According to his antagonist, the Bible is merely a collection of books put together by men long after the days of Christ. He noted there was little agreement among these men. Different collections exist. “How do you know your Bible contains all the books it should contain?” he asked. He pointed out that there may be other worthy books overlooked! He wondered how Ron could be sure that some unworthy books had not been unwarrantedly placed in the collection. Some may have been included by mistake!
My beleaguered and beaten friend needed some answers. Who did the collecting? Can we be sure the collection is a reliable one? Why do we have sixty-six books in our Bible instead of sixty-four? Are there some that really don’t belong there? Why do we have sixty-six instead of the seventy-seven found in some Bibles? Are there some that have been lost or that we have failed to recognize?
These questions relate to the canon of Scripture—the subject of our study in this and the following chapter.
To hold his own in the teachers’ lounge that day, Ron needed answers to these very questions.
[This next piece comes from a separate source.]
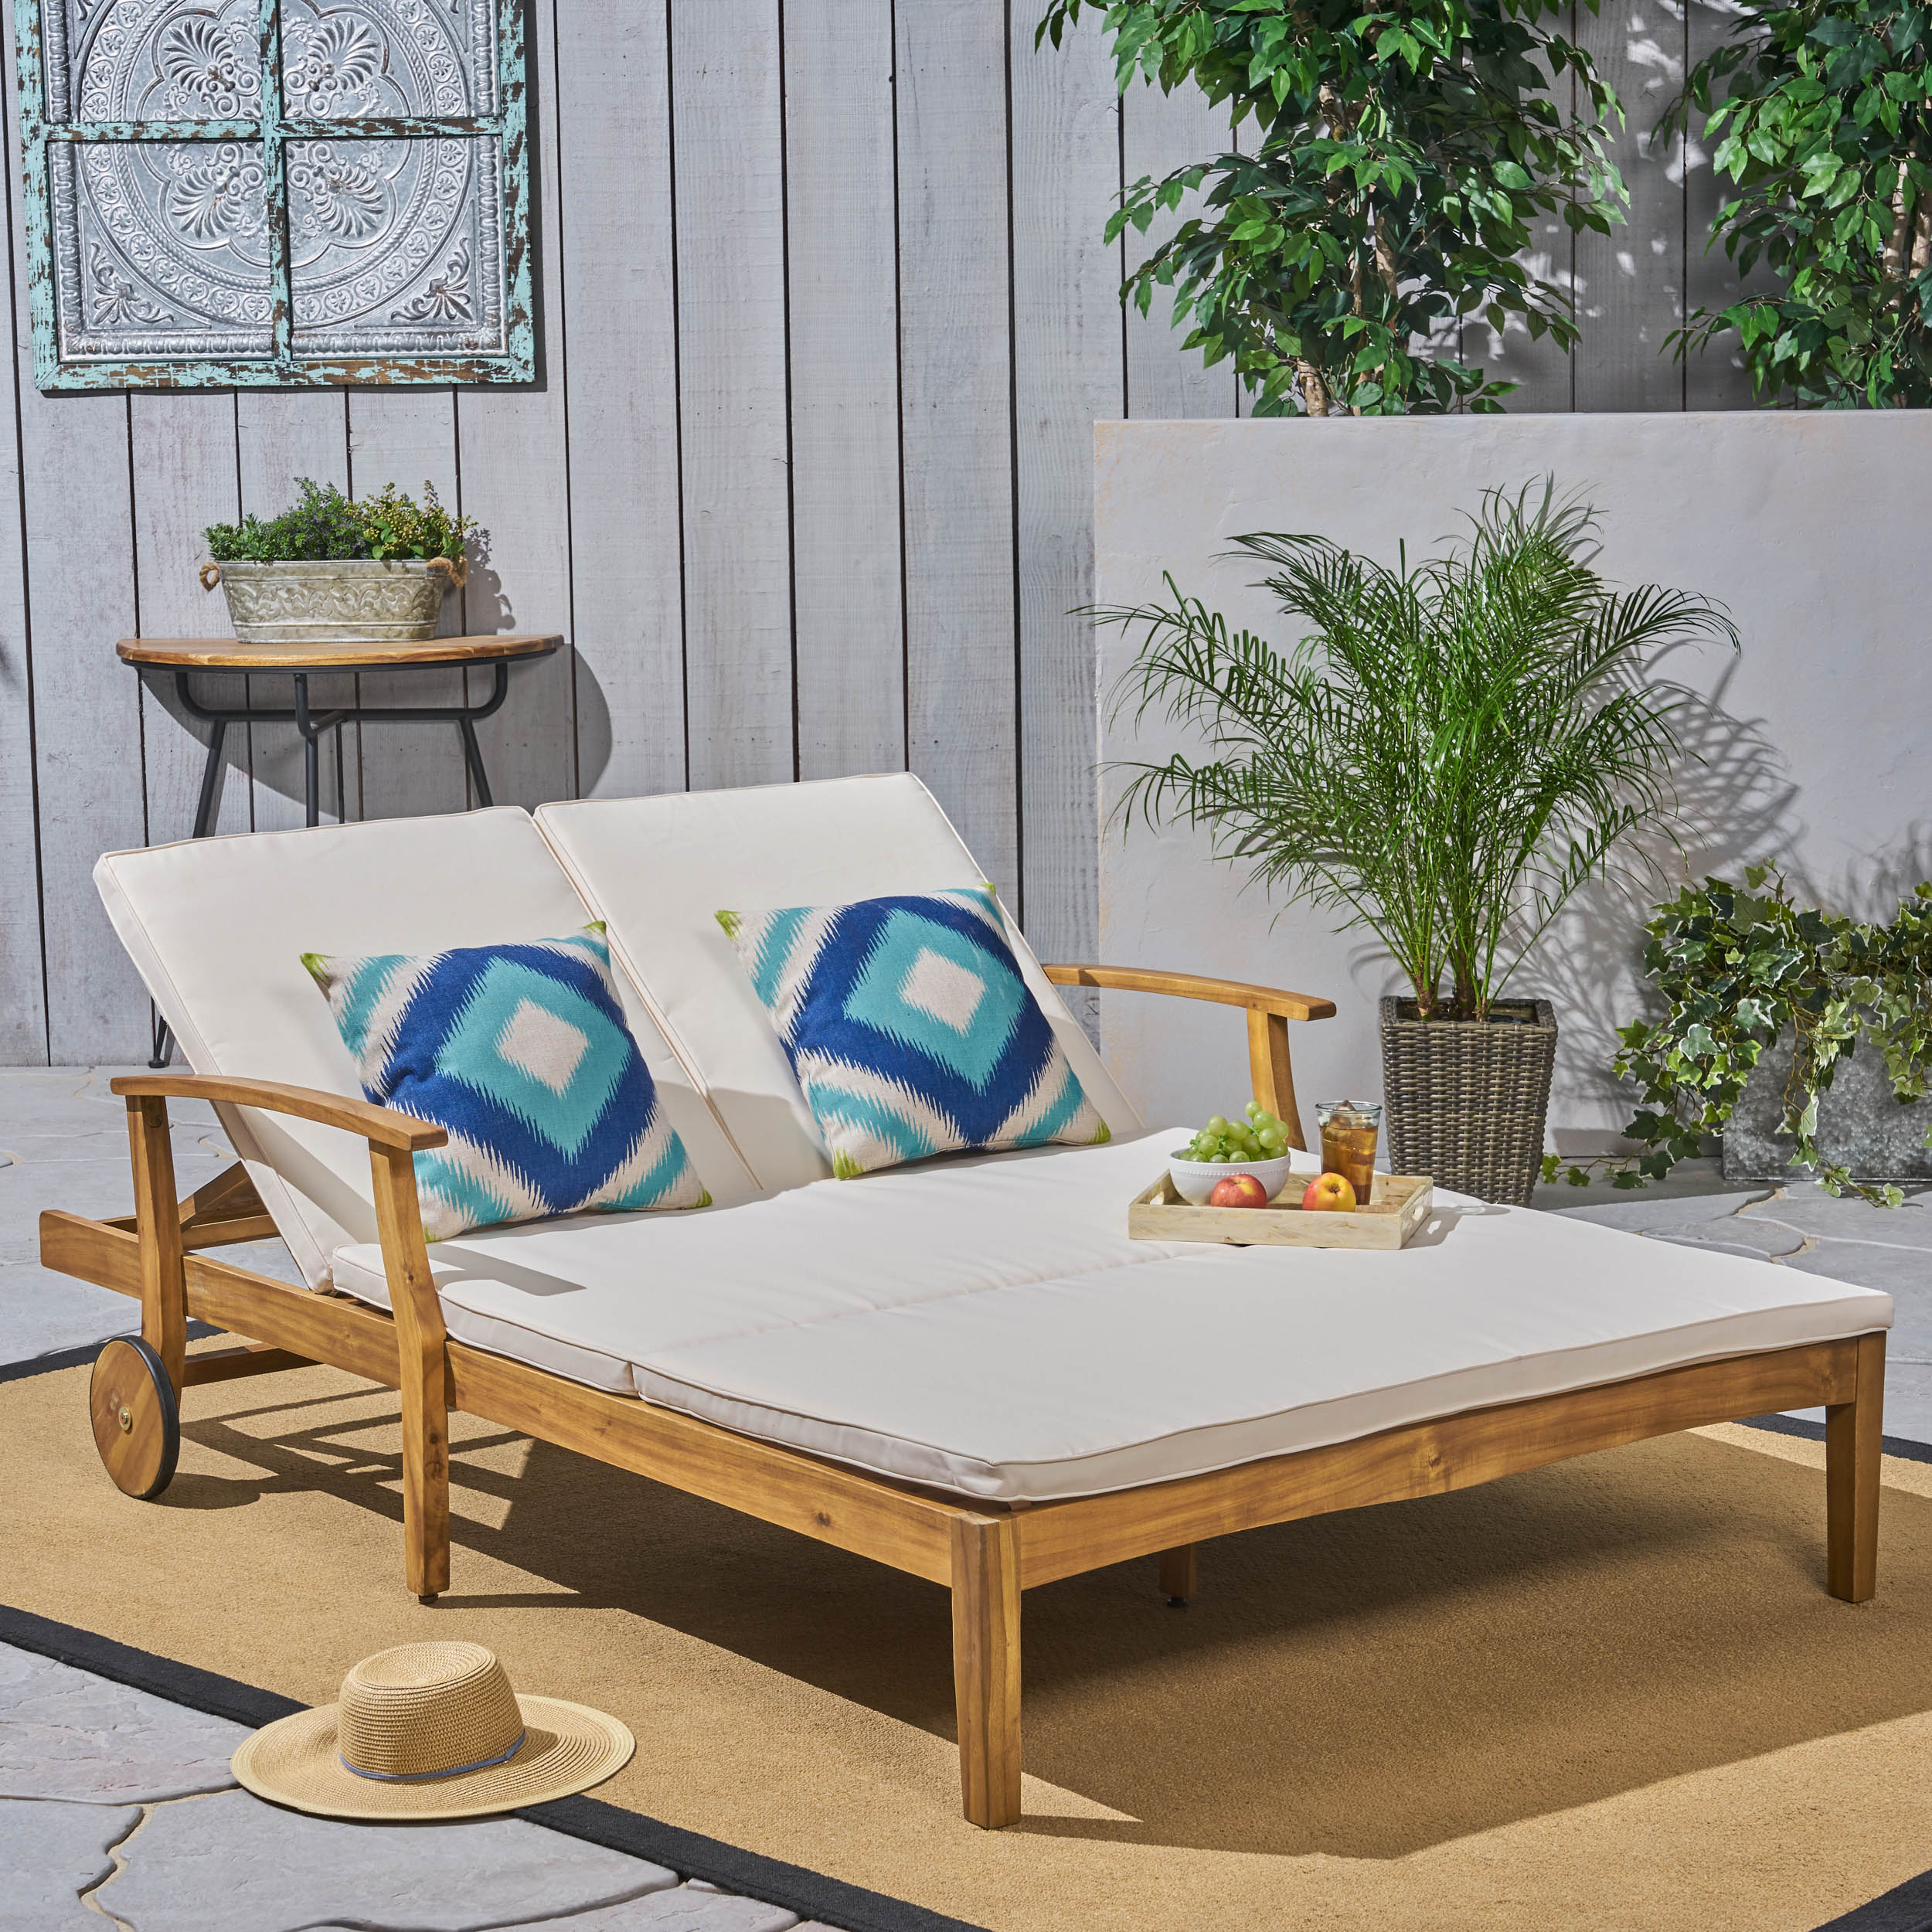 Danielle Outdoor Acacia Wood Double Chaise Lounge with Cushion, Teak, Cream - image 1 of 6

He needed some background. He had to understand the process in order to eliminate the problems. A few simple facts would quickly dislodge his colleague from his rather pompous pedestal.
I. A Word of Explanation
The term “canon” is derived from a Greek word meaning a staff, straight rod, rule or standard. This Greek word was derived in turn from the Sumerian word that originally meant a “reed” (Job 40:21). Because reeds were often used as measuring sticks, in a figurative sense the word implied straightness or uprightness and was used for a measuring standard or norm. It was not until c. A.D. 352 that the word was first used by Athanasius in reference to the divinely inspired books of Scripture. The “canon” therefore is the collection of writings that constitute the authoritative and final norm, rule, or standard for our faith and practice. In short, the canon comprises the writings of the Bible, both the Old and New Testaments. The Bible is called the canon because it is the objective rule for measuring, or judging, all matters of doctrine and life.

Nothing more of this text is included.